REQUIRED WORK ▸ Find the line that holds "Authentic Tory Butch" in the material below. Output that line and each one after it exactly, but not the pictures.

DATA ▸

◇ ◇ ◇ ◇

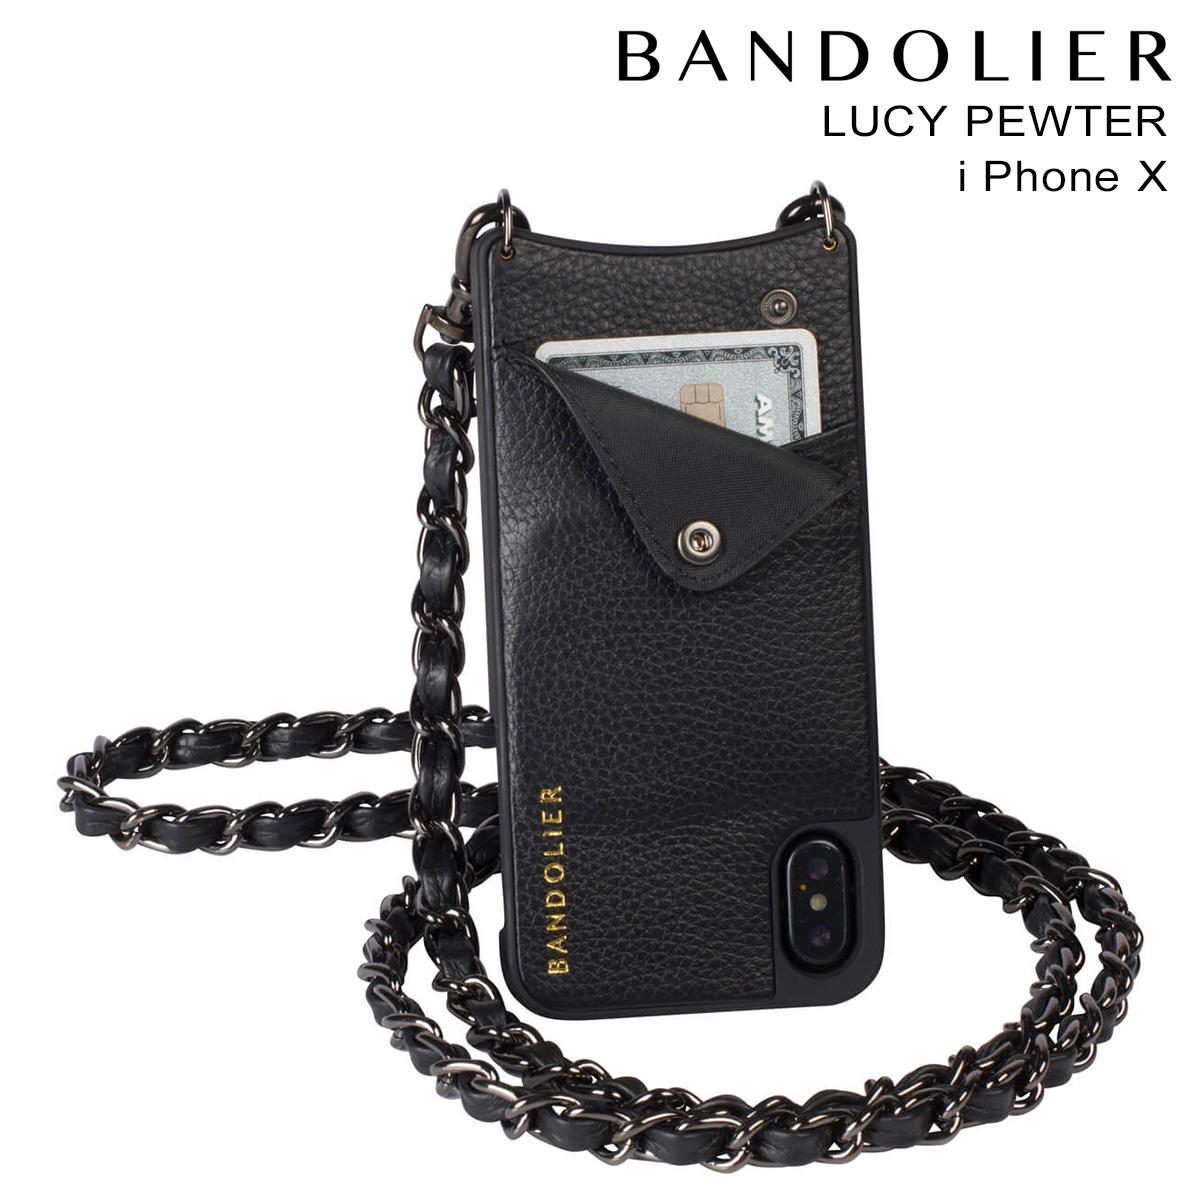 バンドリヤー BANDOLIER iPhone X ケース スマホ 携帯 アイフォン LUCY PEWTER レザー メンズ レディース
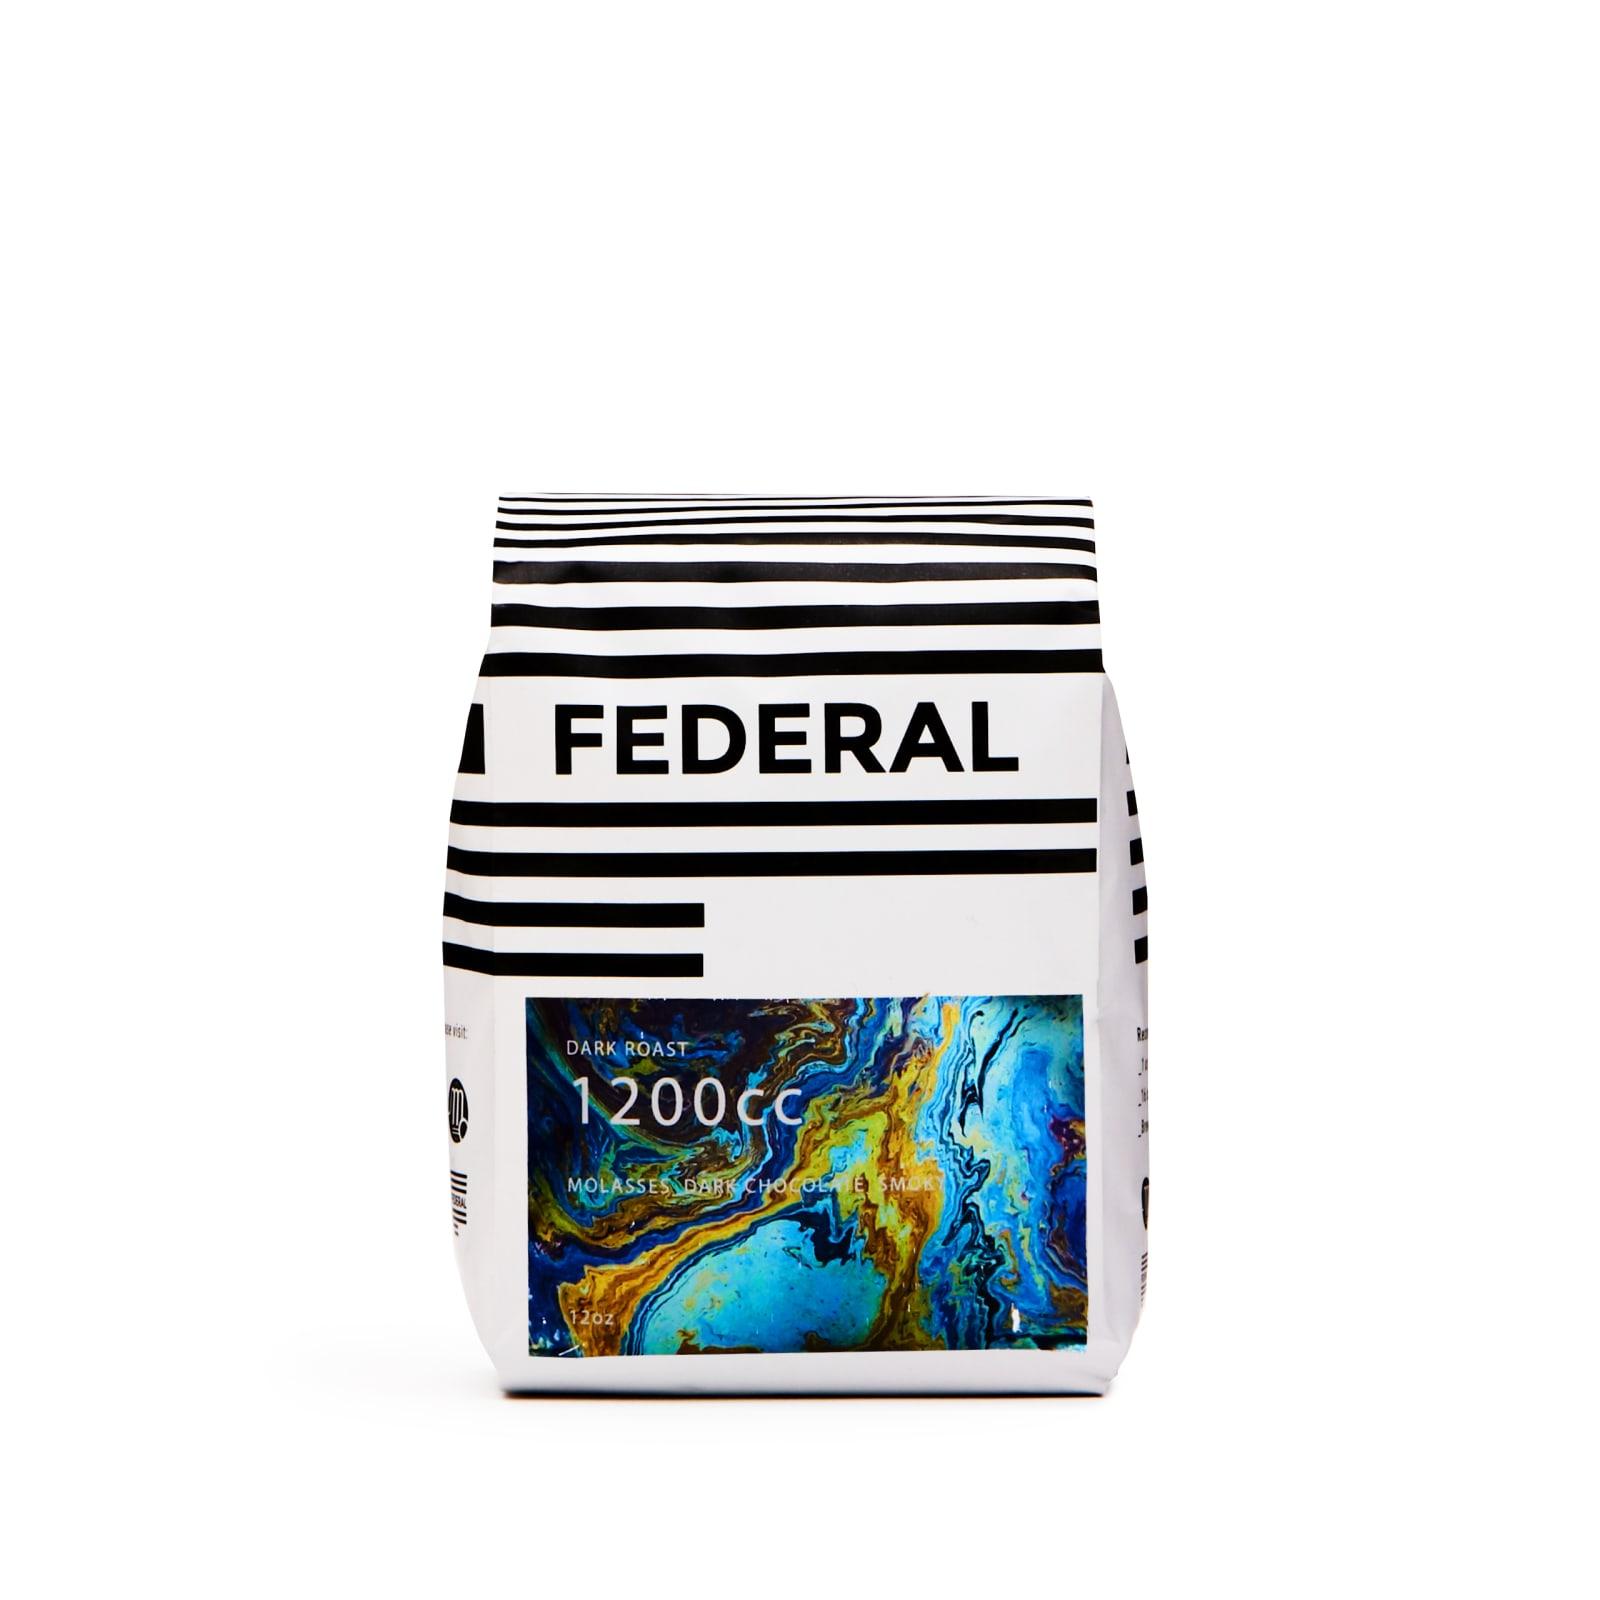 Federal Motor Coffee 1200 CC
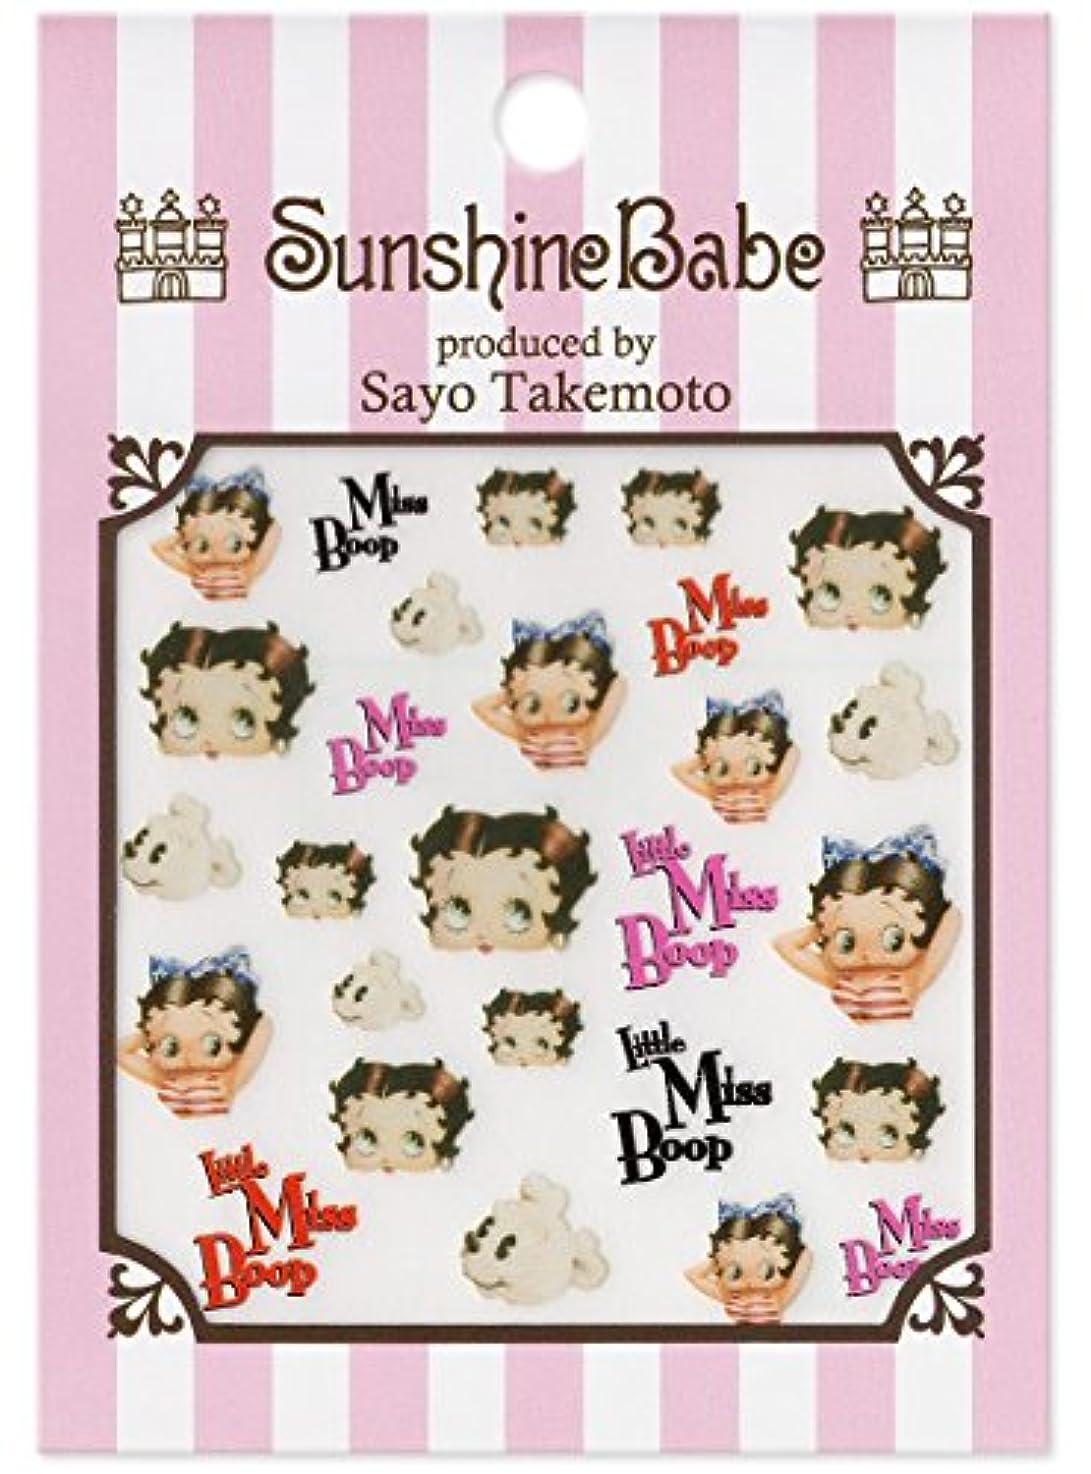 勤勉対応種サンシャインベビー ジェルネイル 武本小夜のネイルシール Sayo Style Little Miss Boop
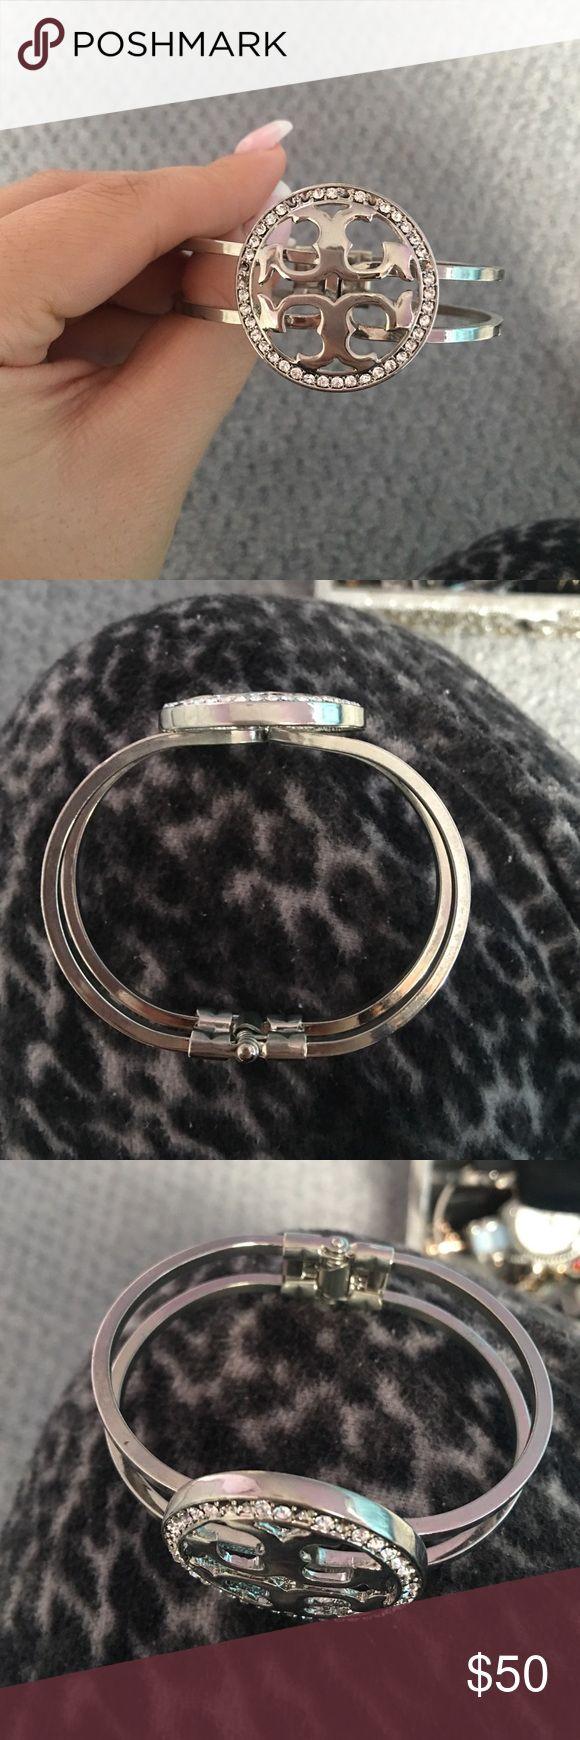 Authentic Tory Butch Bracelet Silver bracelet Tory Burch Jewelry Bracelets
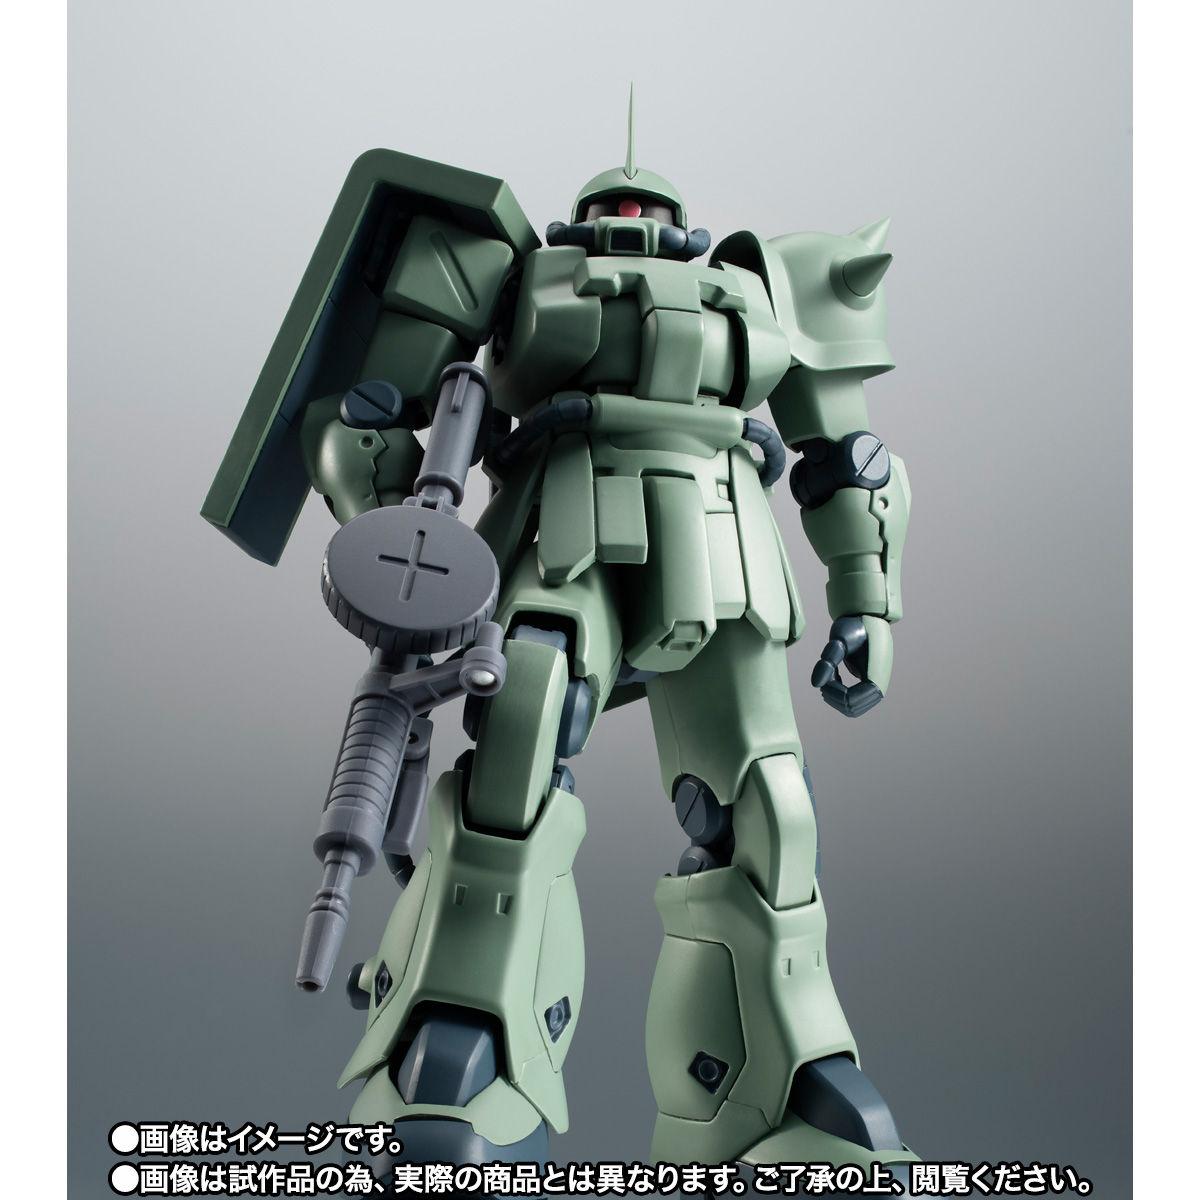 【限定販売】ROBOT魂〈SIDE MS〉『MS-06F-2 ザクII F2型(ノイエン・ビッター)ver. A.N.I.M.E.』ガンダム0083 可動フィギュア-007

◇ ◇ ◇ ◇

YOUR RESPONSE ▸
 Authentic Tory Butch Bracelet Silver bracelet Tory Burch Jewelry Bracelets
 【限定販売】ROBOT魂〈SIDE MS〉『MS-06F-2 ザクII F2型(ノイエン・ビッター)ver. A.N.I.M.E.』ガンダム0083 可動フィギュア-007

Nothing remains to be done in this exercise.